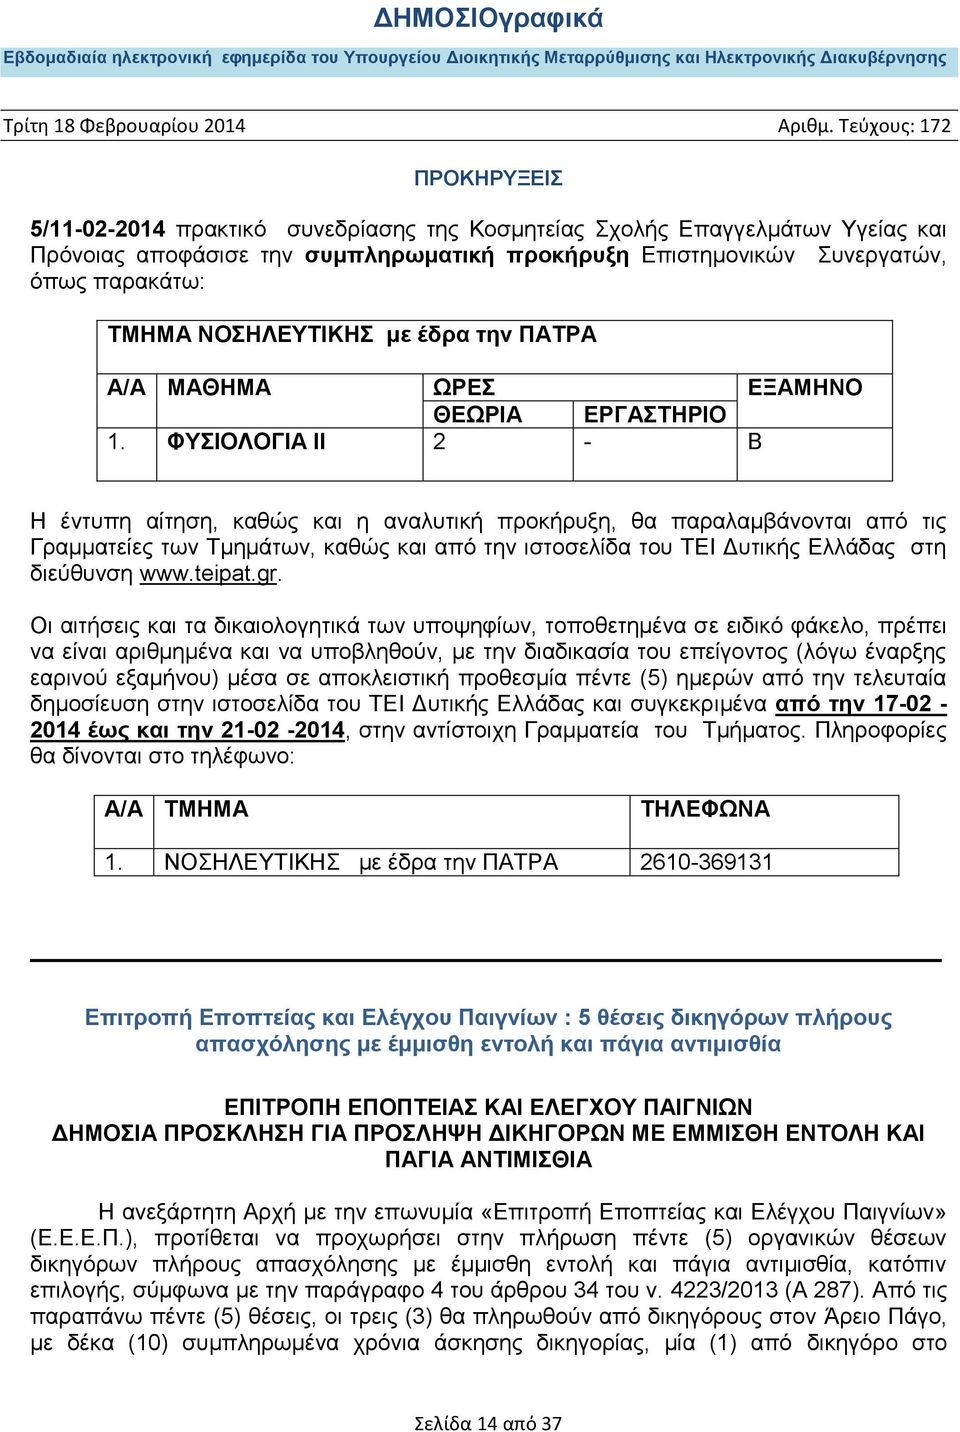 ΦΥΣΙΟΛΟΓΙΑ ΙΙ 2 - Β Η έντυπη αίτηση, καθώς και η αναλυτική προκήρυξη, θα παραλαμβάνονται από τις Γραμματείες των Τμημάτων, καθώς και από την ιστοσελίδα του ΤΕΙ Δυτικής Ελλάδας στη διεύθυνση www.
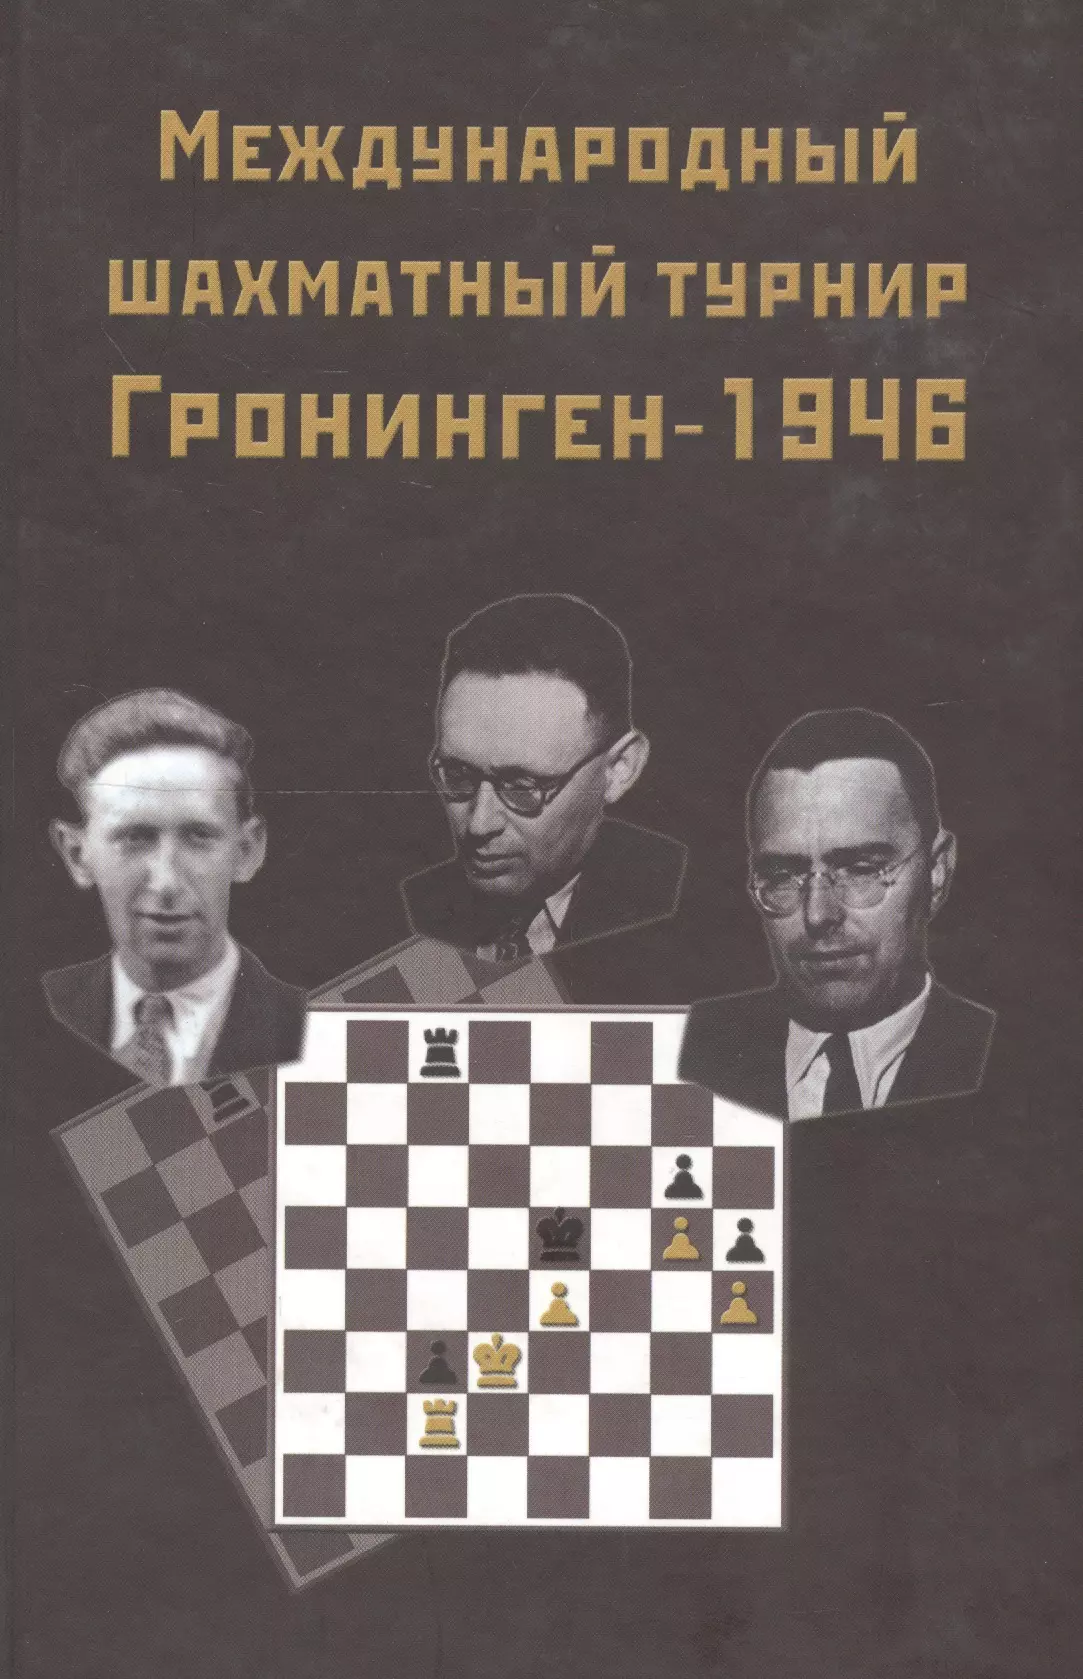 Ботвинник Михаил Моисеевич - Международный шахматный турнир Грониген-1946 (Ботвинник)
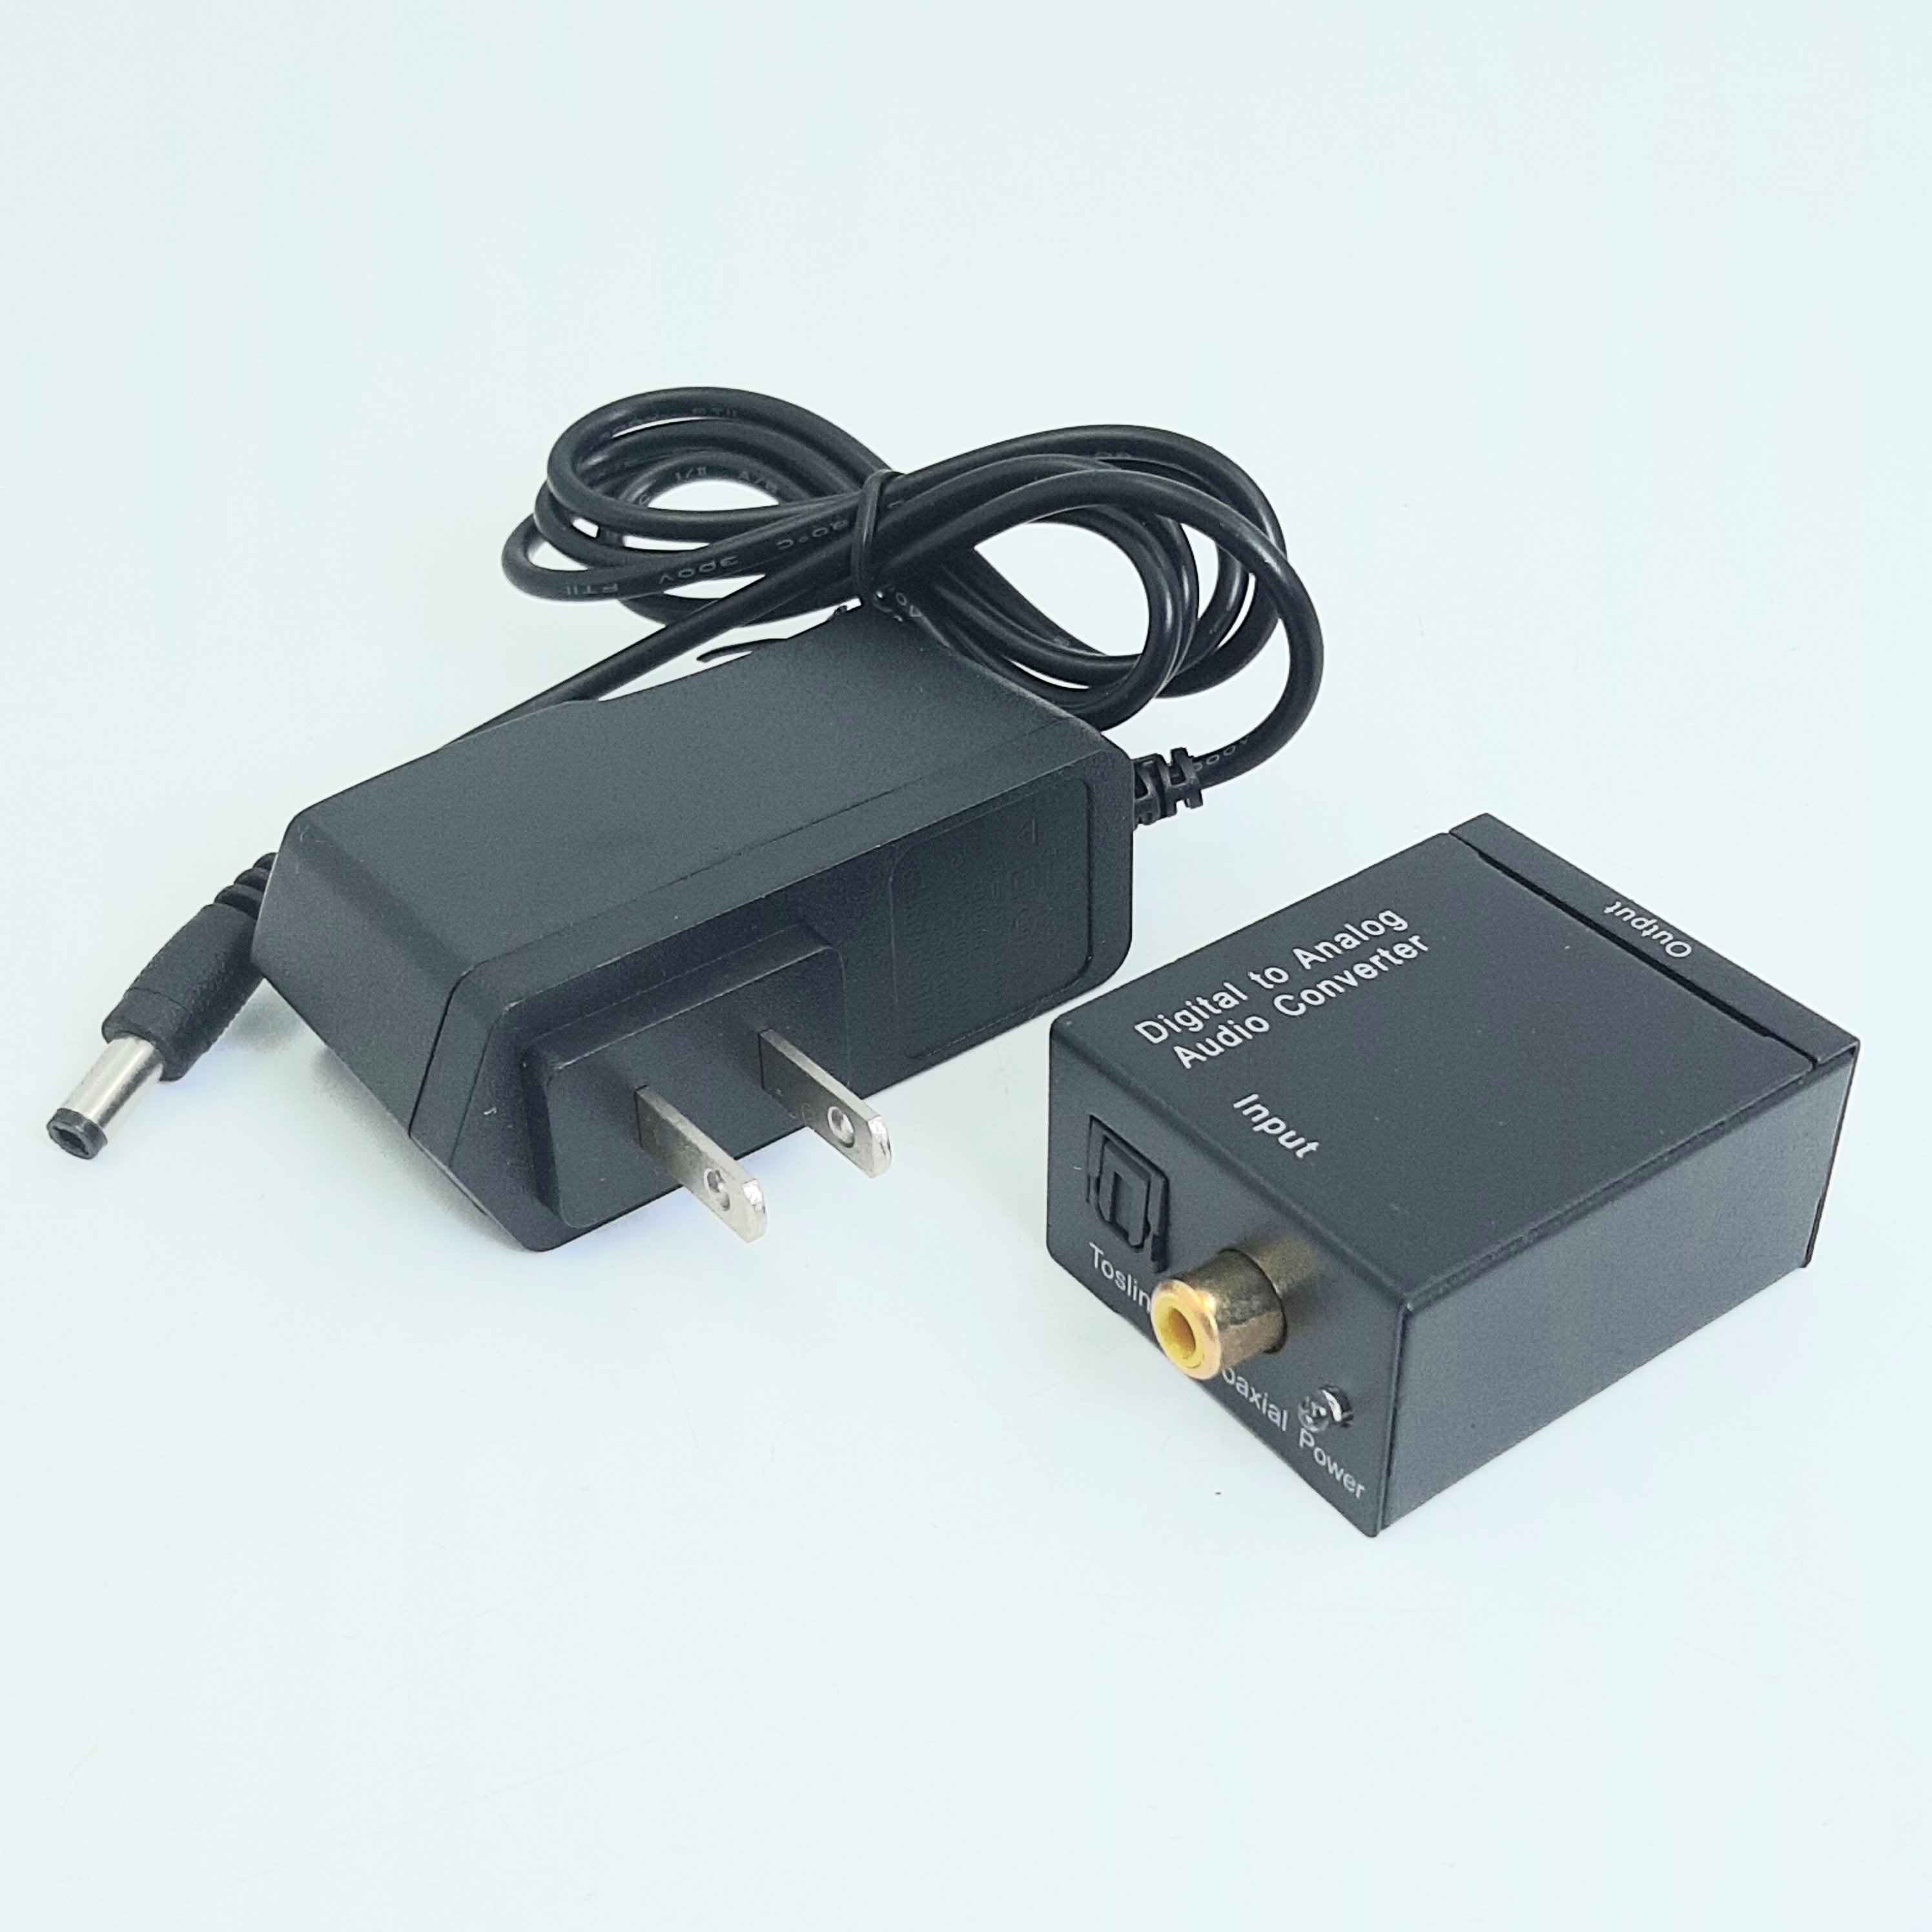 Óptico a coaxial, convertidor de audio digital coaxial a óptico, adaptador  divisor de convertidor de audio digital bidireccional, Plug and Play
__________________________________________________
Pictures excluded, repeat exactly the lines from the top of the material through the line with "Ботвинник Михаил Моисеевич", including both of those lines.

 ΦΥΣΙΟΛΟΓΙΑ ΙΙ 2 - Β Η έντυπη αίτηση, καθώς και η αναλυτική προκήρυξη, θα παραλαμβάνονται από τις Γραμματείες των Τμημάτων, καθώς και από την ιστοσελίδα του ΤΕΙ Δυτικής Ελλάδας στη διεύθυνση www.
 Ботвинник Михаил Моисеевич - Международный шахматный турнир Грониген-1946 (Ботвинник)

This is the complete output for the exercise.